Nellie George Stearns (July 10, 1855 – February 9, 1936) was an American artist and teacher of art. She taught and held exhibitions in the leading towns and cities of New England.

==Early years and education==
Nellie George was born in Warner, New Hampshire, July 10, 1855. She was the daughter of Gilman C. and Nancy (Badger) George. Her siblings included sisters Mrs. Hannah Colby and Mrs. C. H. Bennett, and a brother, Frank G. George.

Stearns inherited from her mother an inclination toward art. Even in her childhood, she sketched as a constant amusement. Her parents engaged art tutors for her in their own home. Stearns was graduated with high honors from Simonds Free High School, Warner. She took a thorough course in the Boston Museum of Fine Arts, and later studied portrait painting with Mr. Emilie Lonigo, where she gained a wide knowledge regarding technique.

==Career==
After leaving school, she taught art in its various branches for several years. Her summers were devoted to classes throughout the New England States. During the season of 1891, she had charge of the art department in the Chautauqua Assembly of East Epping, New Hampshire.

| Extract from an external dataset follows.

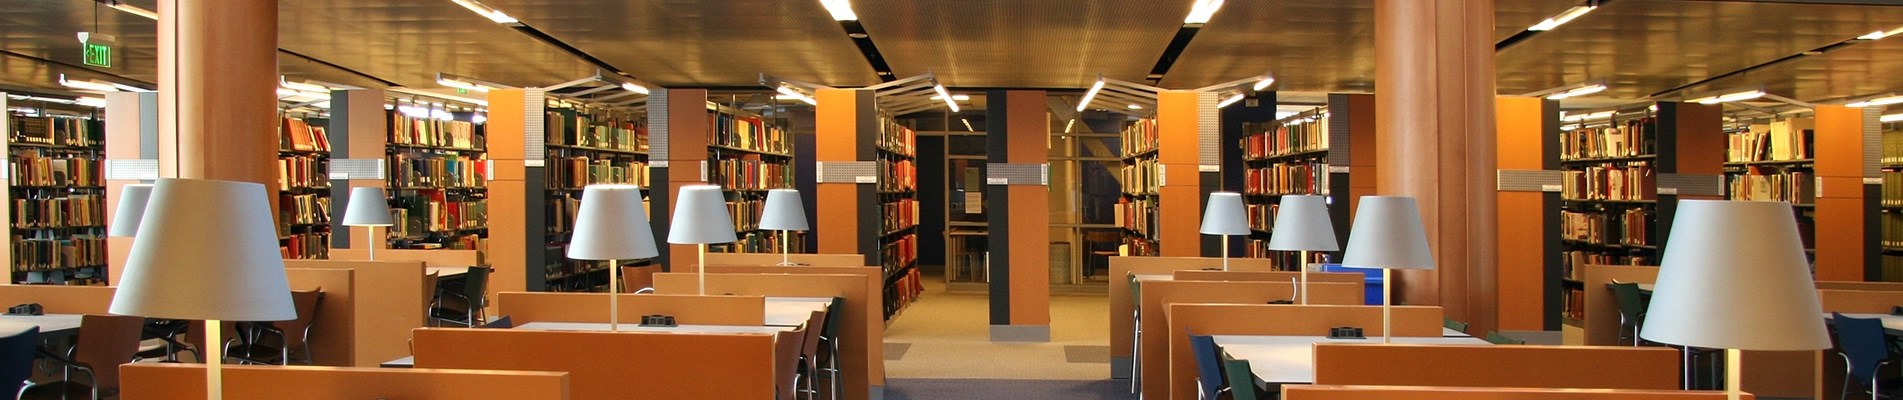 University Library Windows 1903
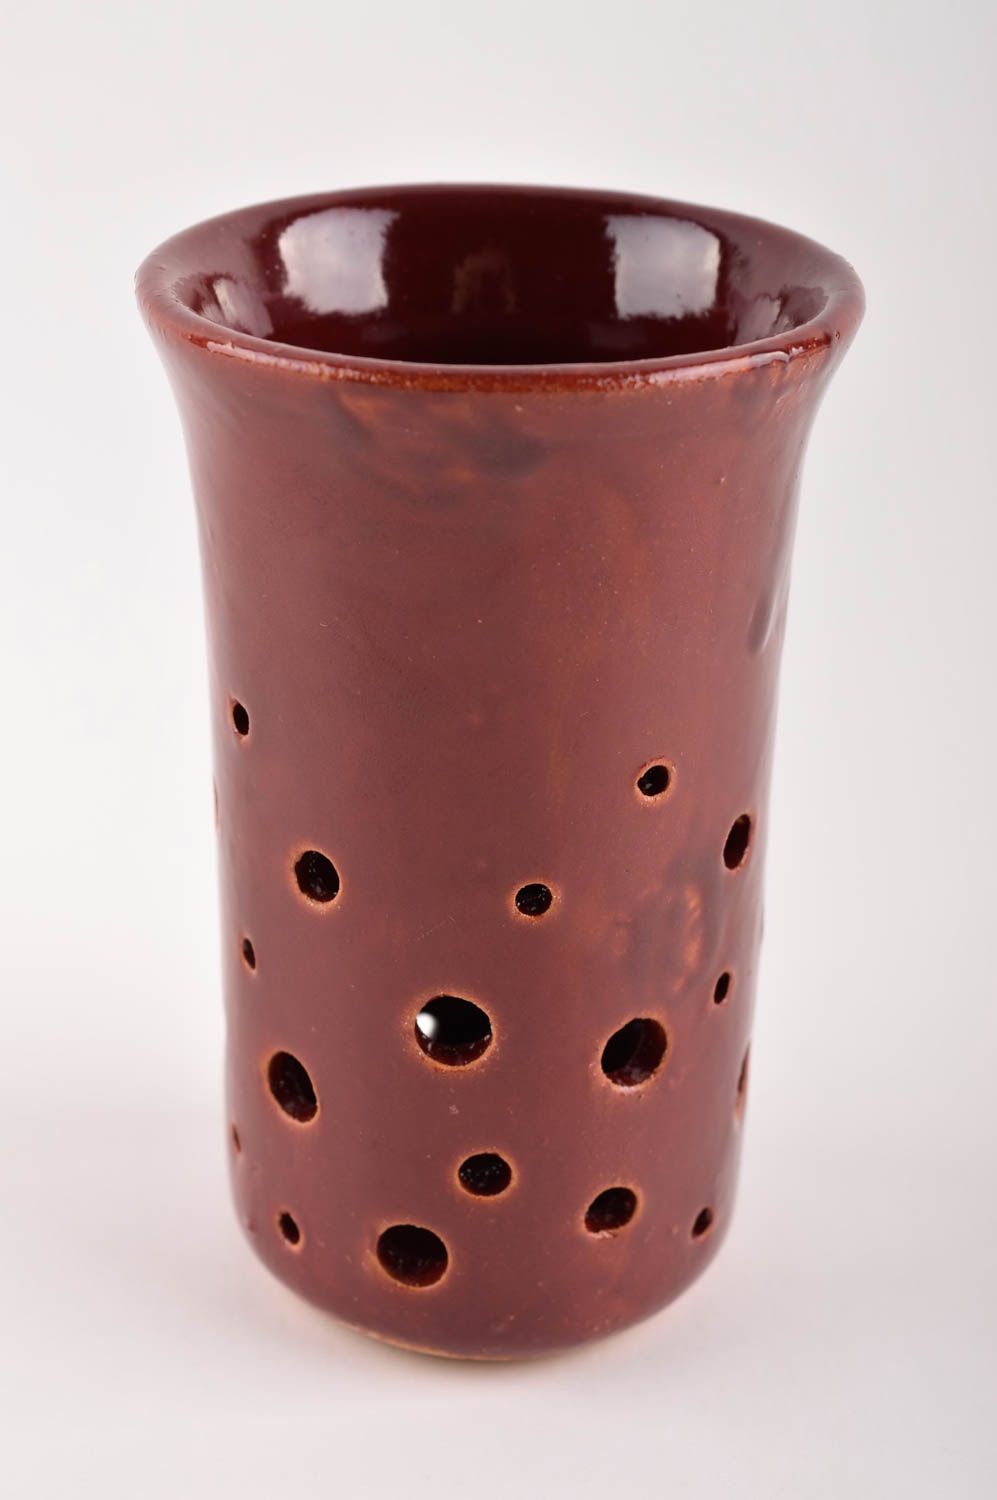 Handgemachte Keramik schöne Vase Haus Deko Idee originelles Geschenk bordeauxrot foto 2

Stearns' favored form of painting was the human face and form. Her painting of The Great Rid Pipe Stone Quarry, a scene immortalized in Henry Wadsworth Longfellow's The Song of Hiawatha, was exhibited in the World Cotton Centennial of New Orleans in 1884, and at the World's Columbian Exposition of Chicago in 1893. She also painted a portrait of Governor Nehemiah G. Ordway, which was hung in the Pittsburg, New Hampshire Library.

At Warner, on December 24, 1882, she married George Frederic Stearns. From 1894, they made their home in Boston, and her studio was located there as well. She was a member of the Order of the Eastern Star. By religion, she was a Congregationalist. Stearns died February 9, 1936, in Warner, New Hampshire, and is buried in that city's Pine Grove Cemetery.